St. Joe’s continued its growth with a 2003 expansion, adding a parking garage, new surgical suites, a cardiovascular center, and two more floors to its South Tower. The emergency department was expanded in 2007. After PeaceHealth acquired the assets of Madrona Medical Group in 2008, the hospital and its surrounding medical infrastructure has continued to thrive.

Today, the former St. Luke’s and St. Joseph locations have little resemblance to their former selves, but traces of the past can still be found. While the original 17th Street St. Joseph location is now a modern, private home, the 1927 and 1950 State Street additions still stand as the South Hill Apartments.
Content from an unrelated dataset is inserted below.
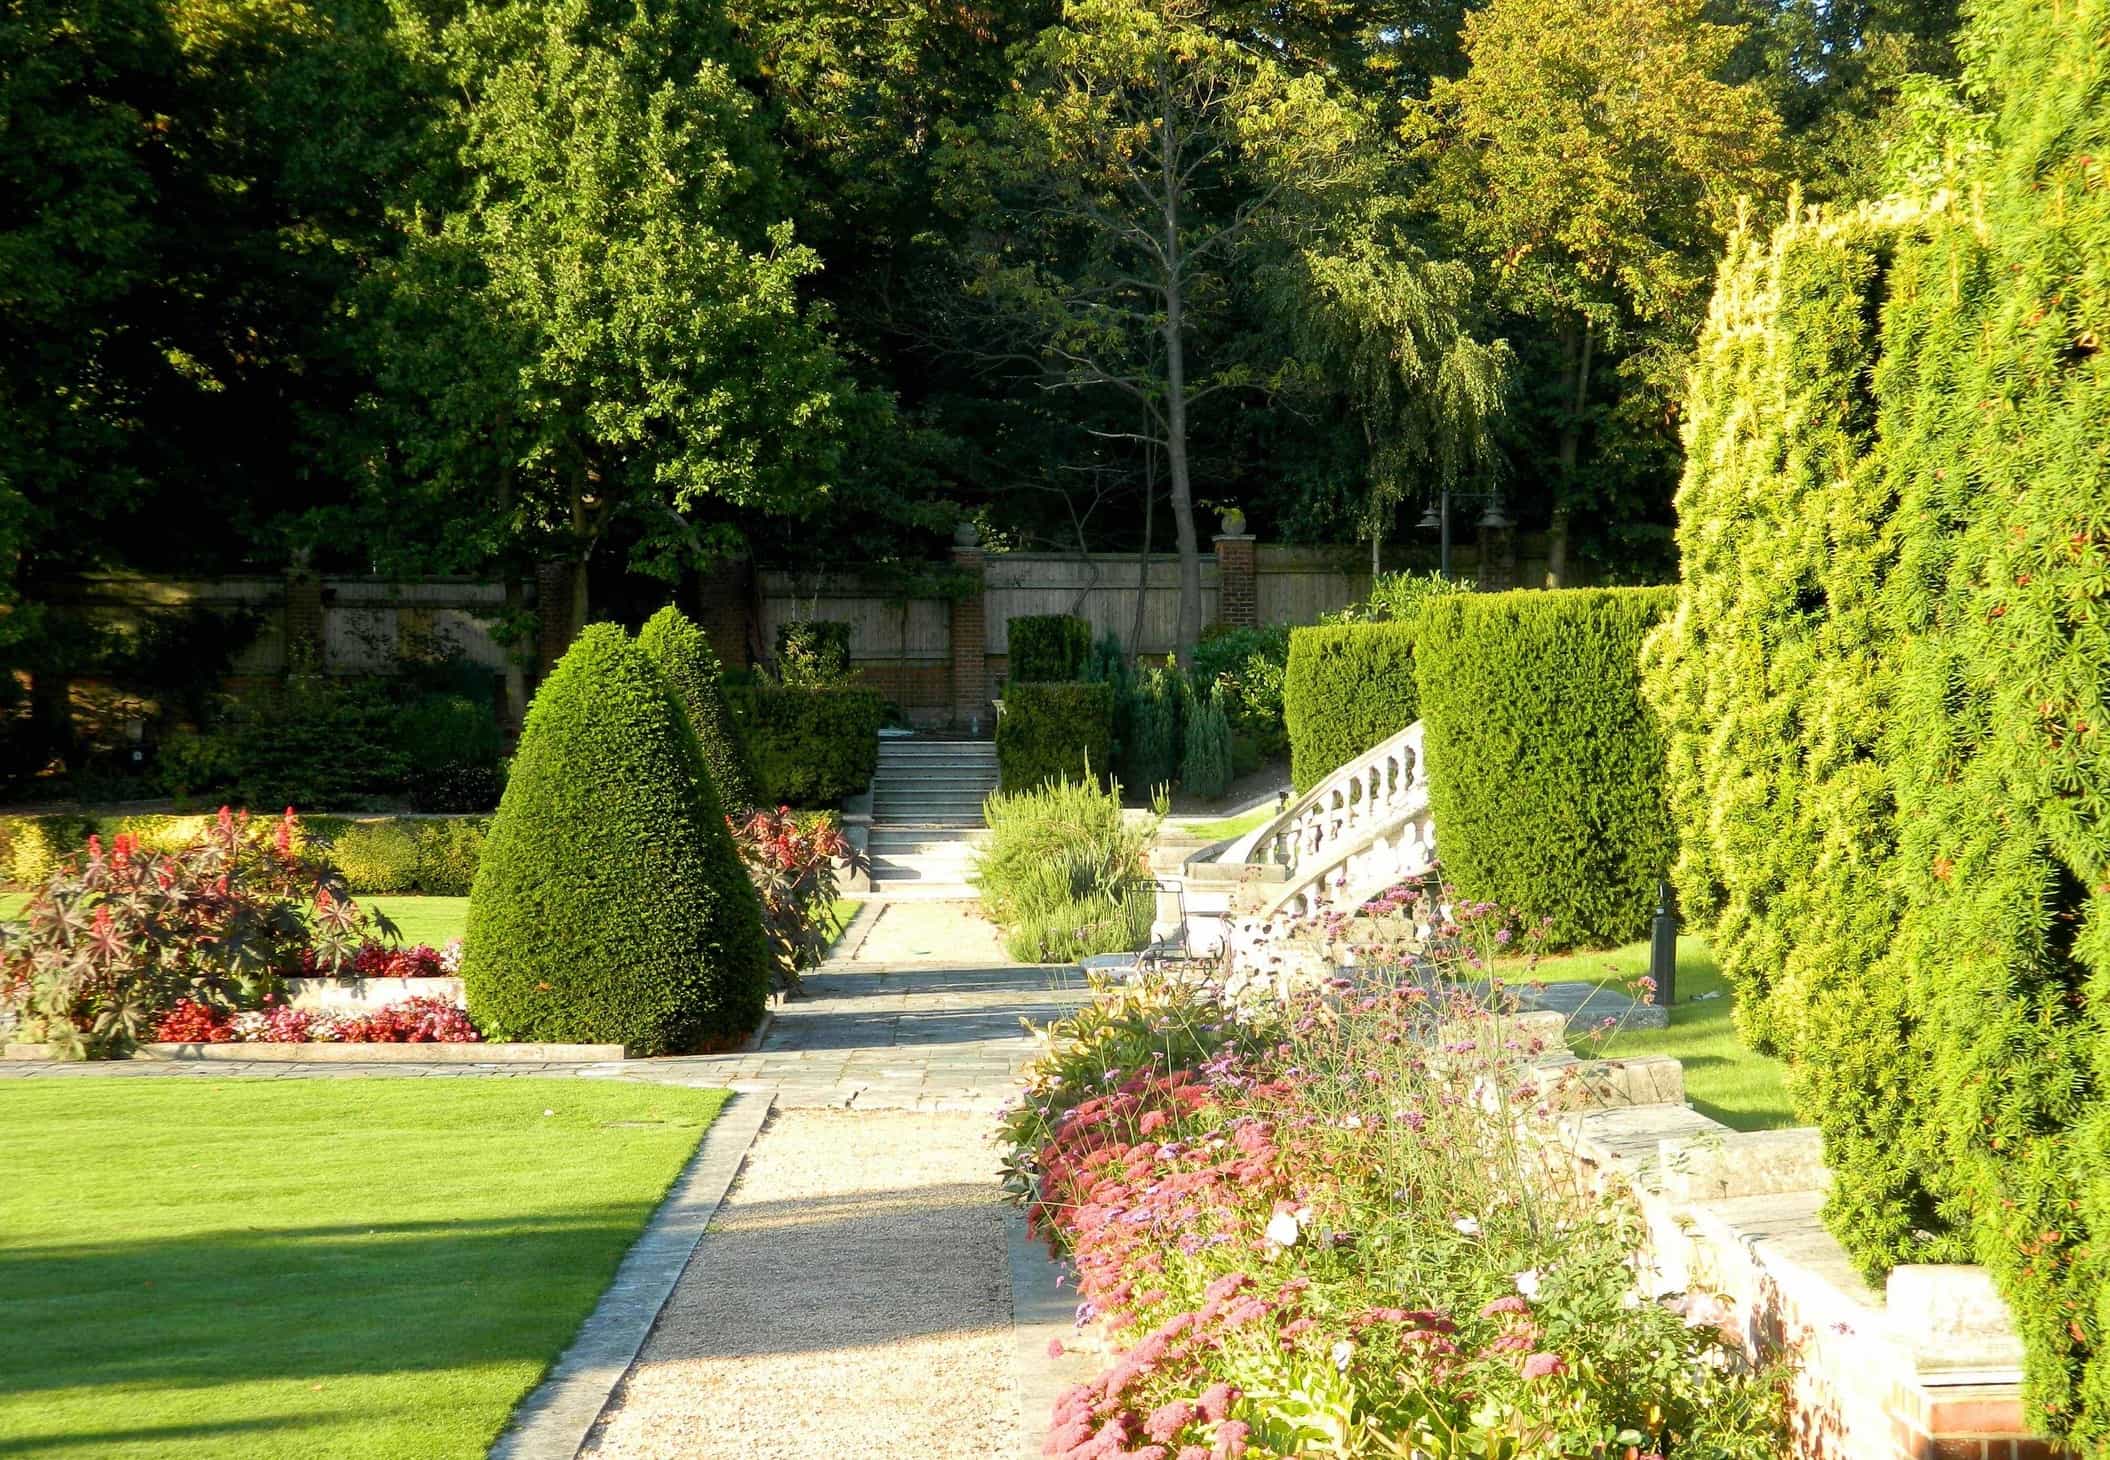 Top 5 Gardens you must visit in UK

The site of the original 1901 structure, part of South Hill Apartments, is a 1967-built cinder block building originally used for married student housing by Western Washington University.

This medieval-looking facade, in front of State Street’s South Hill Apartments, is one of the few remaining hints of the former 1901-built hospital site. Photo credit: Matt Benoit

Just below that building is an almost medieval-looking sandstone edifice that faces North State Street. The façade features an old, now padlocked door and a series of windows.

A recent photo of the structure shared to a local Facebook photography page stirred up many memories for current and former residents. One man recalled sneaking into the hospital as a teenager to buy cigarettes from a vending machine when the nuns weren’t looking.

Others insisted the apartment complexes are haunted, with doors opening and closing for seemingly no reason. An elevator, one woman commented, would sometimes run on its own.

The 1926 brick addition to St. Luke’s can also still be seen on Jersey Street, surrounded by the rest of the currently unused and slowly decaying St. Joseph South Campus.

Though much has changed in Bellingham since these former hospital sites had patients, their last remnants represent untold numbers of births, recoveries and deaths in the city’s history.